Reese's cause is simple: Fox owns a property beloved by fans, and they're currently doing absolutely nothing with it. It'll cost a pretty penny, but Fox isn't making three Avatar sequels in a row for nothing, right? The Reese and Paul Wernick-scripted Deadpool was teased a little while back, when a page of their script was used in an effects reel shot and animated years ago - but it only recently saw the light of day. And yes, some of those people who only know Deadpool from his reputation probably thought it was one of the most obnoxious things they've ever seen. Of course, they were right, and that's the point. A Deadpool movie isn't going to give you the portentous speeches of an X-Men film or the broadly-appealing family-friendly glee of The Fantastic Four. Nope, Deadpool was made to antagonize and irritate.
Deadpool came around at a time when the superhero comics industry was beginning to look up its own Frank Miller-fueled ass. Grim and gritty had become the status quo, Robins were being killed by fan vote, the Phoenix was nuking galaxies, and the Punisher was gunning down entire mob families. The movies haven't reached that point of over-saturation in regards to nihilism, but there is a creeping suspicion that formula has set in for a few examples of the genre. Which is where Deadpool comes in. He's rude, sometimes idiotic, often reckless and never at all reverent. This genre has become big enough that a quipping character like Deadpool could deflate its own importance.

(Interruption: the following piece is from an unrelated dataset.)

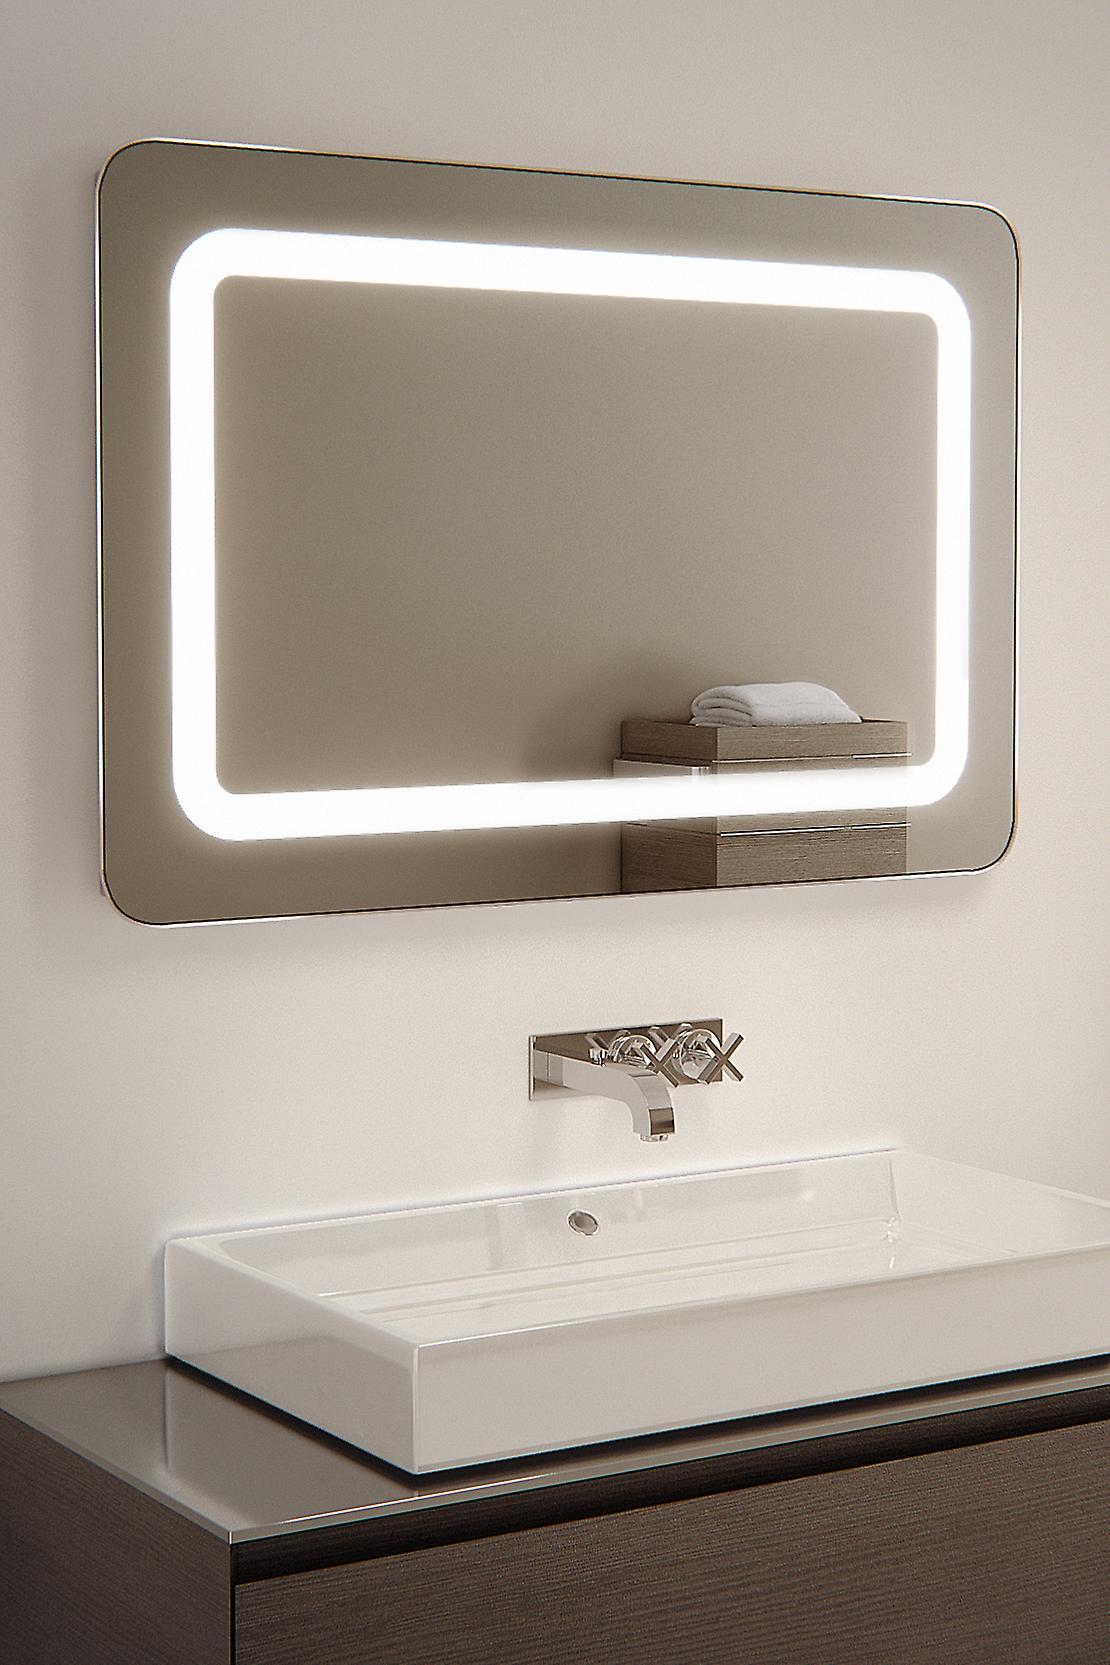 Raja Shaver LED Bathroom Mirror With Demister Pad & Sensor k45i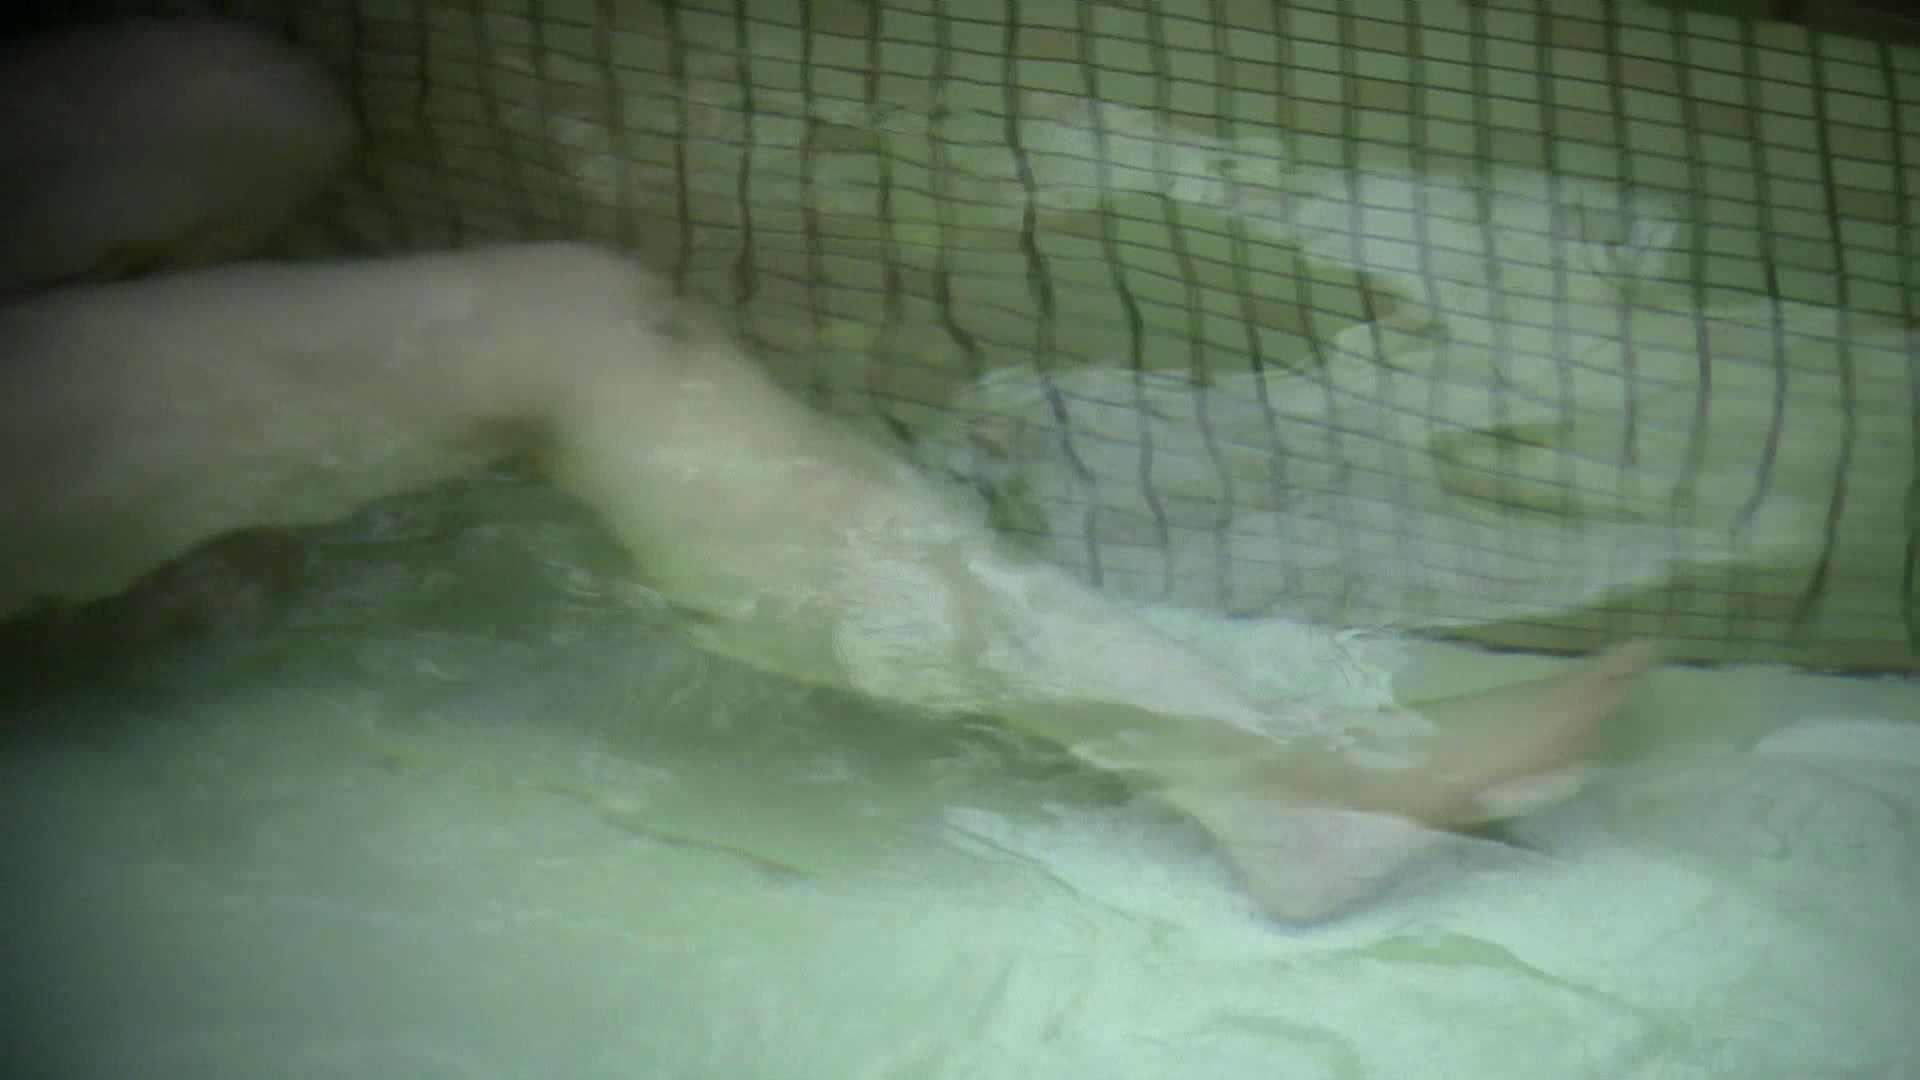 Aquaな露天風呂Vol.652 盗撮 | HなOL  105pic 31

Reese is staging this plea at the right time: Guardians Of The Galaxy - a comic featuring characters with none of the fame or visibility of Deadpool - just went on to become one of Marvel's biggest cinematic success stories. Through Disney, Marvel was able to sell the general moviegoing public on Ronan The Accuser, The Collector and Groot. Why couldn't Fox do the same with the Merc With A Mouth? If anything, they owe the character's fans an apology for what was done to him in X-Men Origins: Wolverine, when he was turned into a silent, laser-shooting henchman, as bizarre a misreading of Deadpool's appeal as there has ever been.
Fox currently has a Marvel project slated for July 2018, and have given no indication what it could be. Maybe the X-Men will jump back into the fray two years after X-Men: Apocalypse. Maybe Fox will introduce X-Force. Or just maybe they'll realize they have a script, they have an actor (Ryan Reynolds), they have a director (Tim Miller), they have a fanbase, and they have a property they could adapt that will surely cost less than the latest X-picture. Stranger things have happened!